Monday, December 9, 2013

Without Classification in the Pigeonhole Age

Ours is the age of the specialist, and long gone is the day of the educated amateur, the person of letters who who could paint, write, and serve in elected office, who could lead in battle and yet publish in science and compose sonnets.  The vapid dating line, "What's your sign?" has given way to the even more insulting, because it is so limiting, "What's your major?"

For this and other reasons, Samuel Rocha's A Primer for Philosophy & Education will be a challenging read in the current age.  It does not fit nicely within the pigeonhole of an accepted educational theory.  It does not even fit in that most elite and revered of pigeonholes, the one that says we should break free from pigeonholes.  Instead, it weaves its way through a variety of thoughts, poetically meditating on a concept so rich and deep that some may mistake it for something trite and commonplace, but more on that in another post.

This comes as no surprise after his acknowledgment in the preface of his debt to William James.  He observes that James "didn't always write to or for an exclusive field of peers, due in large measure to the fact that he never belonged to a single field in the first place -- he began in anatomy and physiology, moved to psychology, and ended in philosophy with major interests in religion and metaphysics.  Perhaps a better way to think about him is this:  James belonged to a field of study coincidentally, classified by whatever he was working on at the moment, but never limited by or to that classification."  (preface, ii)

This is what the world needs and in fact has always needed.  Fortunately, there do seem to be a few in any given age capable of answering this need.  These are the broadly learned, those driven not by the party line, but by insatiable curiosity and interest in the mysteries of creation.  They are the deep readers who will move from Pope's epitaph for Newton to Newton's scientific writings.  They engage meaningfully in casual conversations on everything from politics to art to literature to theology to sports to finances with reference not just to unconsidered opinion, but to carefully processed articles and books.

Such a person is not interested in jargon for an academic elite.  Such a person is interested most in that shared journey of discovery taken with interlocutors, friends, and students.  Rocha notes of James, "James published mostly works of popular philosophy that began as lectures he presented to audiences of all kinds of people.  He also frequently wrote essays, reviews, and letters to periodicals and popular journals....  [H]e had a deep sensitivity to what I call 'pastoral philosophy' -- an ordinary sense of philosophy that is thoroughly and principally educational."  (preface, ii-iii)

St.
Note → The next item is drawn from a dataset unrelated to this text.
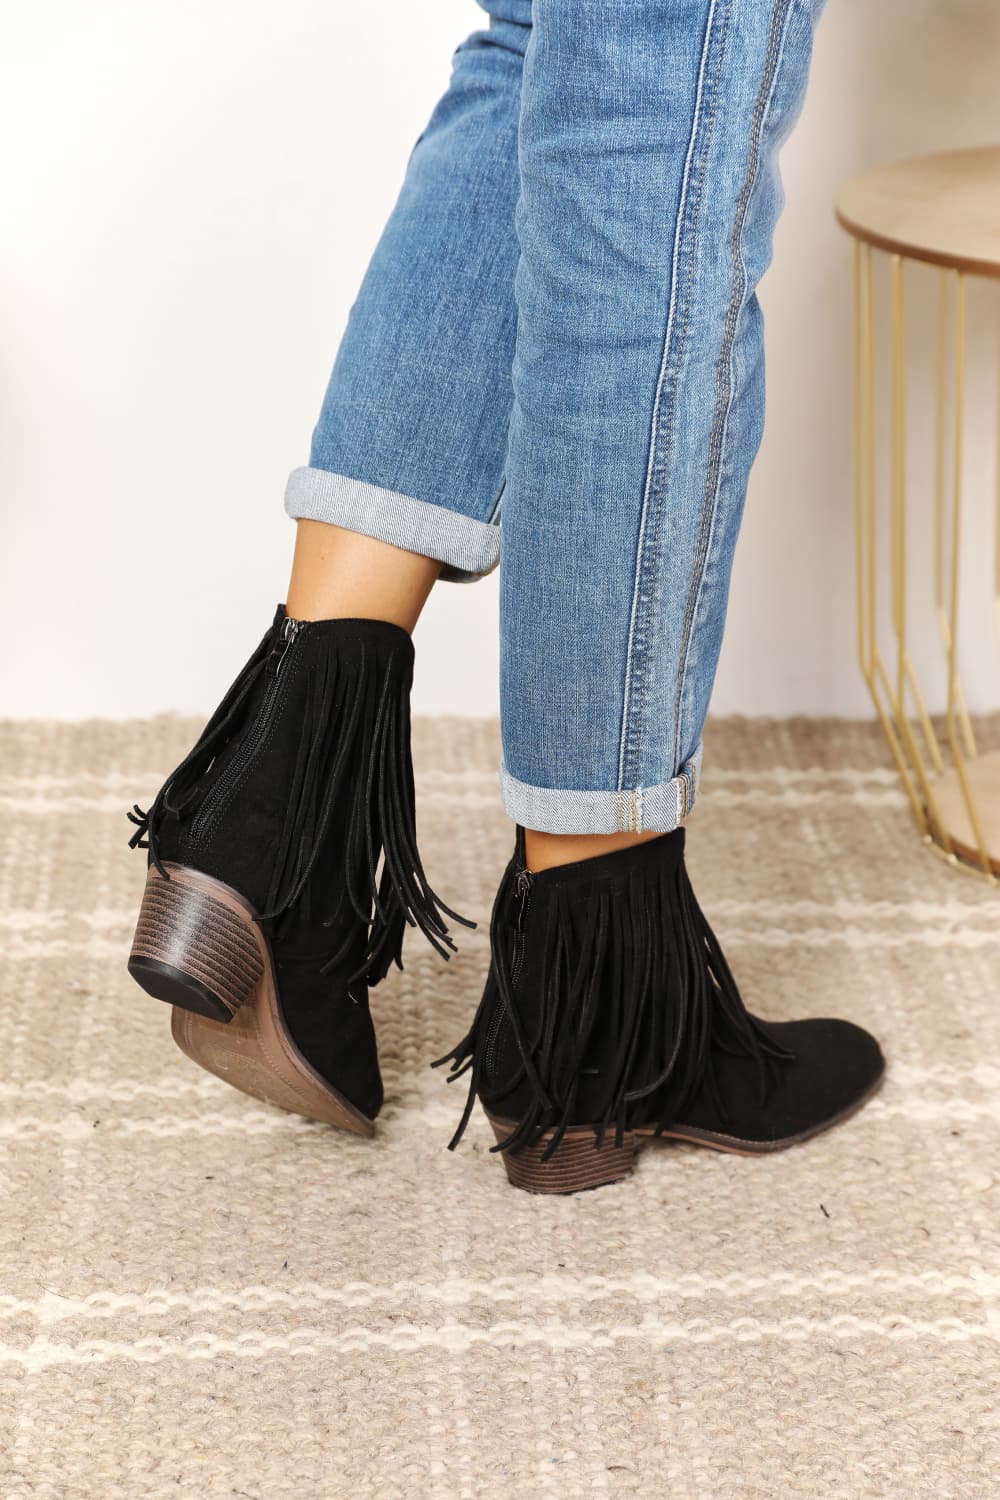 Legend Fringe Cowboy Western Cowgirl Black Ankle Bootie Heeled Boots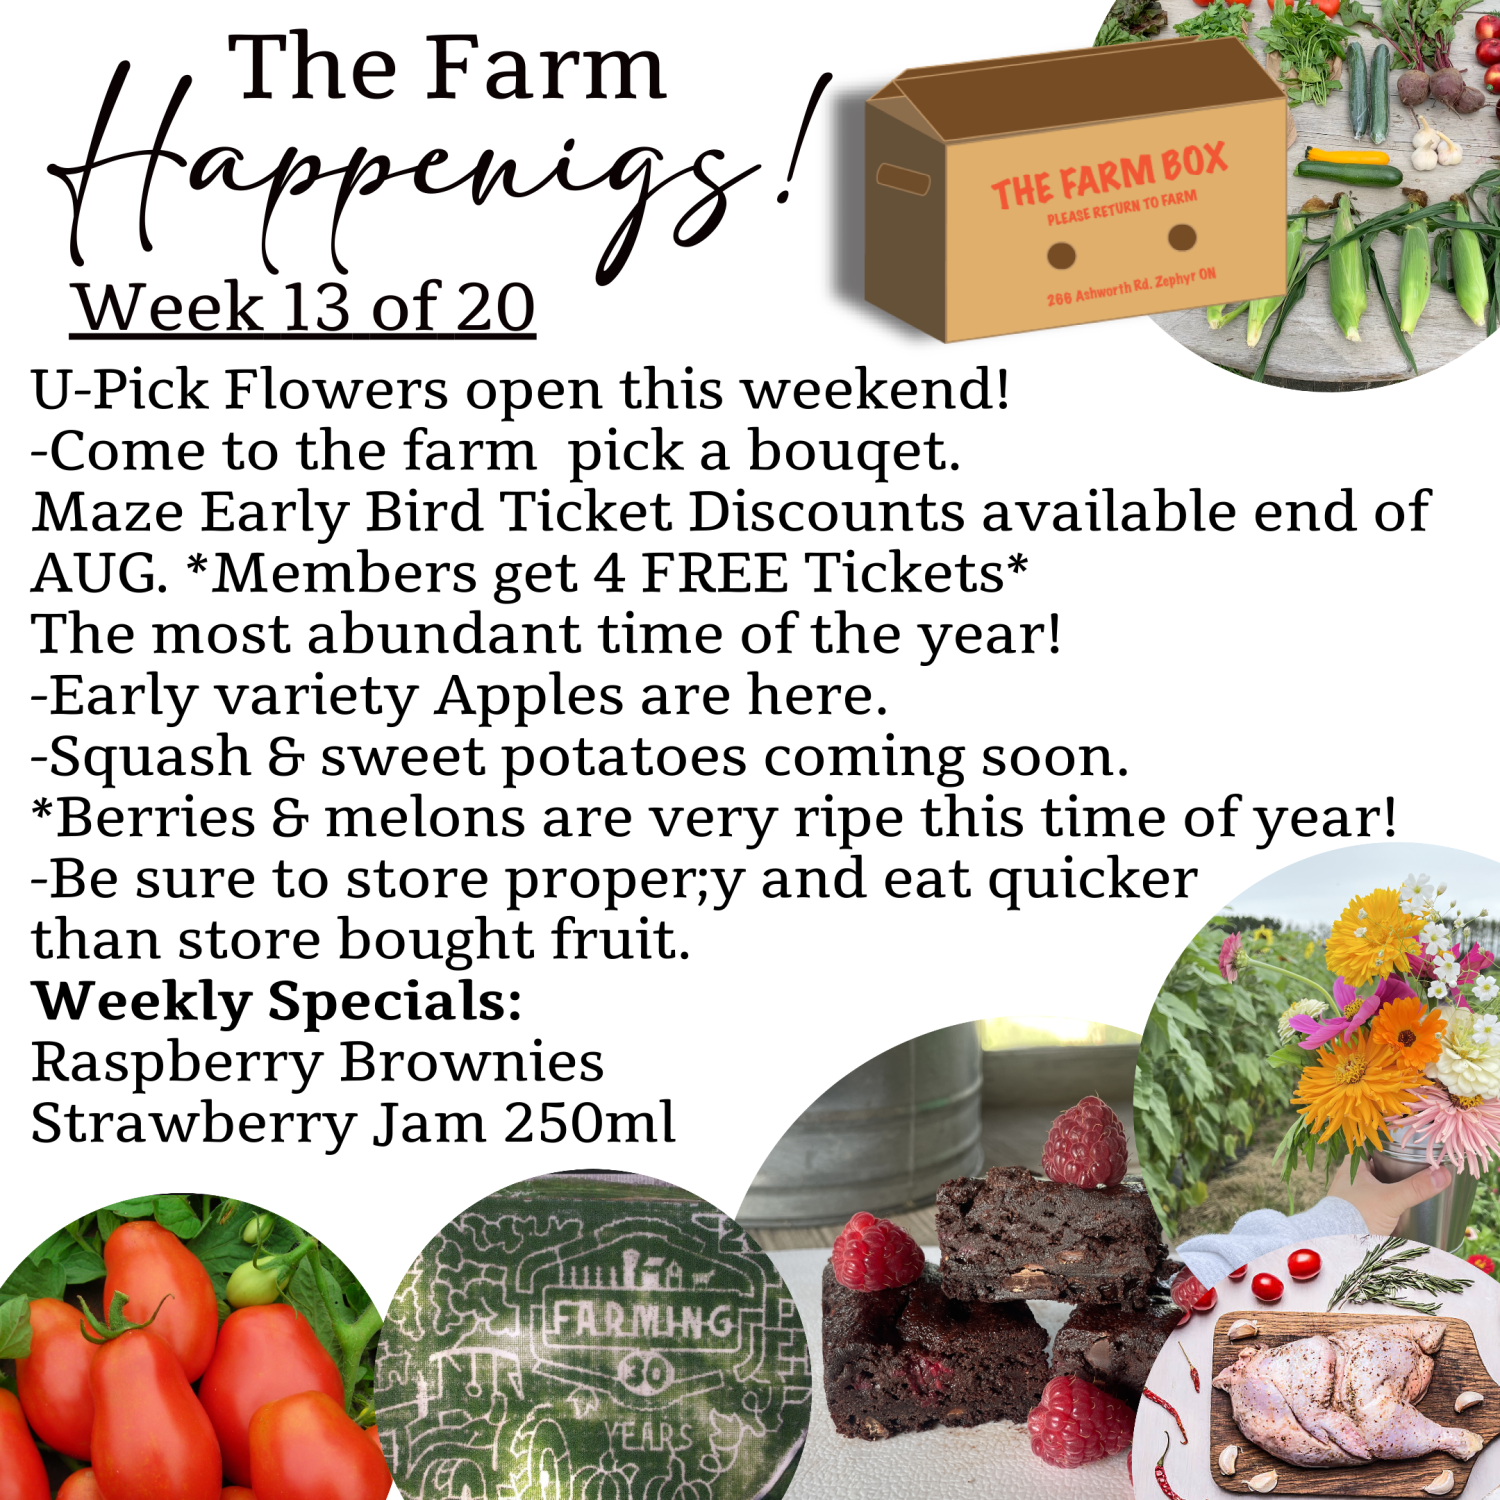 Previous Happening: "The Farm Box"-Coopers CSA Farm Farm Happenings Week 13

Augustine wrote some of the greatest works of Christian theology while engaged in the work of a bishop.  Indeed, it was in response to pressing issues of his day that had practical relevance for his flock that he did his thinking and writing.  In his 1984 speech "Advice to Christian Philosophers," which has since become a famous and foundational text, Alvin Plantinga proposed that Christian philosophers need not be bound by the limits of what their non-Christian peers set for philosophical discussion.  Their work, inasmuch as it was conducted in and for the particular community of those confessing Christ, had a duty to respond to the matters most relevant to that community.

Clearly standing in such a tradition, Rocha has written his slender book with a particular audience in mind, his students.  It is first and foremost a love letter, a paternal (yet never paternalistic) love letter from a paidagogos to his pupils.  Because, like James, Rocha will not be limited to a particular classification and because his approach is one of "pastoral philosophy," fully appreciating what he has to say will require the setting aside of often pet classifications.  Having made it through to the end of his book, I can assure you that it will be worth the effort to do so.